De lezersrubriek werd aanvankelijk verzorgd door Van der Louw, die toen al als een vreemde eend in de bijt werd beschouwd. Hij was zo'n tien jaar ouder dan de overige redacteuren, en had mede dankzij zijn pijp een vaderlijke uitstraling. Muller vond hem achteraf "een pijprokende erudiete man die mij het gevoel gaf dat ik ergens bij hoorde". Tussen Muller en de rest van de redactie boterde het echter niet erg en toen Muller negen maanden na de oprichting besloot om een wekelijkse column voor De Telegraaf te schrijven, werd hij er door Van der Louw van beschuldigd veel te rechts te zijn voor Hitweek. Hierop verliet Muller woedend de redactie.
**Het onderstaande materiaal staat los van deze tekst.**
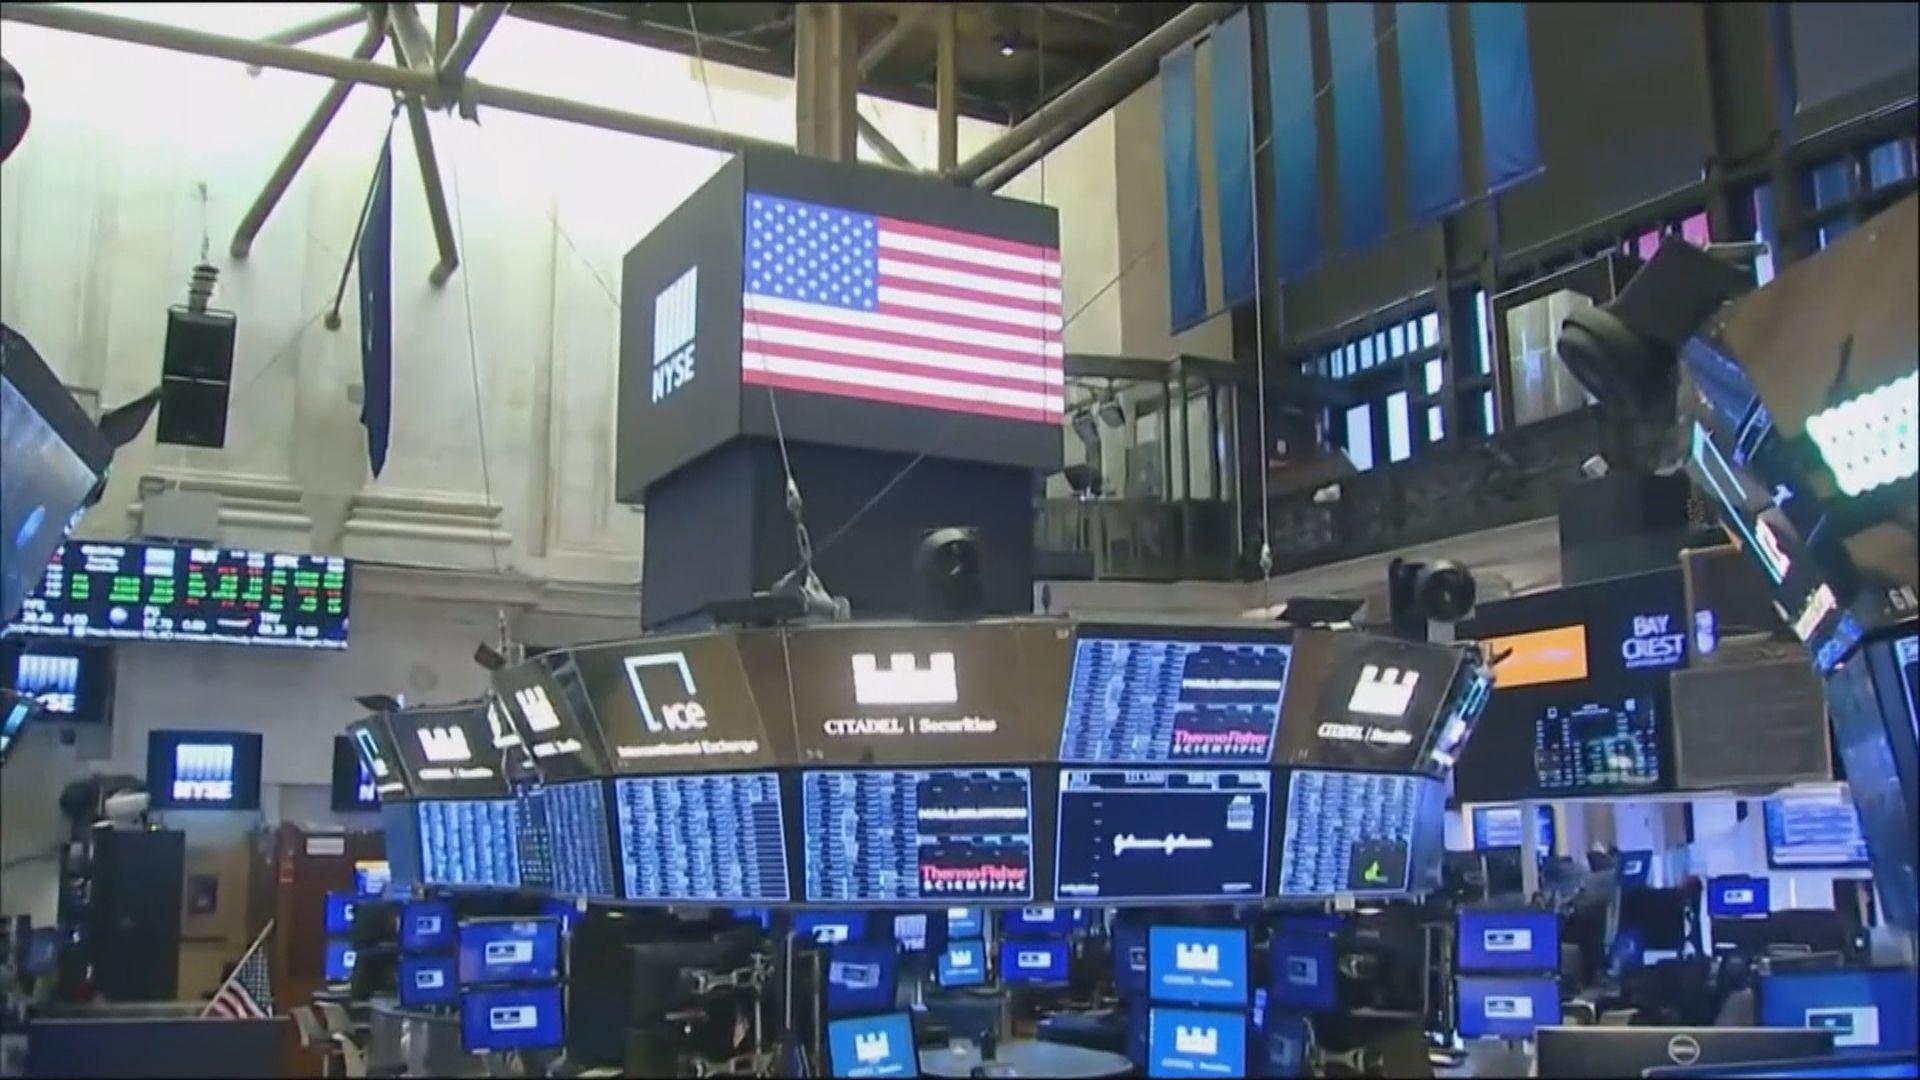 華爾街股市個別發展 道指曾跌逾500點

Wim de Bie bracht in het najaar van 1968 in het artikel Wij zijn tevreden een discussie op gang over het bestaansrecht van Hitweek. In 1969 werd het blad omgedoopt in het tweewekelijkse Aloha, met een grotere nadruk op grafische vormgeving, waarin niet de minste van de jonge generatie Nederlandse tekenaars hun werk lieten zien. Voor de vormgeving en de strips gingen Piet Schreuders en Aart Clerkx een belangrijke rol spelen. Ook namen de lezers kennis van buitenlandse undergroundstrips, zoals die van Robert Crumb, Victor Moscoso en Gilbert Shelton. Koos Zwart werd hoofdredacteur en ook Mohamed El-Fers werd vaste medewerker. Omdat het aandeel muziek terugliep, werd Aloha begin jaren zeventig al gauw overtroefd door Muziekkrant OOR. Ondanks een actie van oud-Hitweek-redacteur Pim Oets, was Aloha toen geen lang leven meer beschoren.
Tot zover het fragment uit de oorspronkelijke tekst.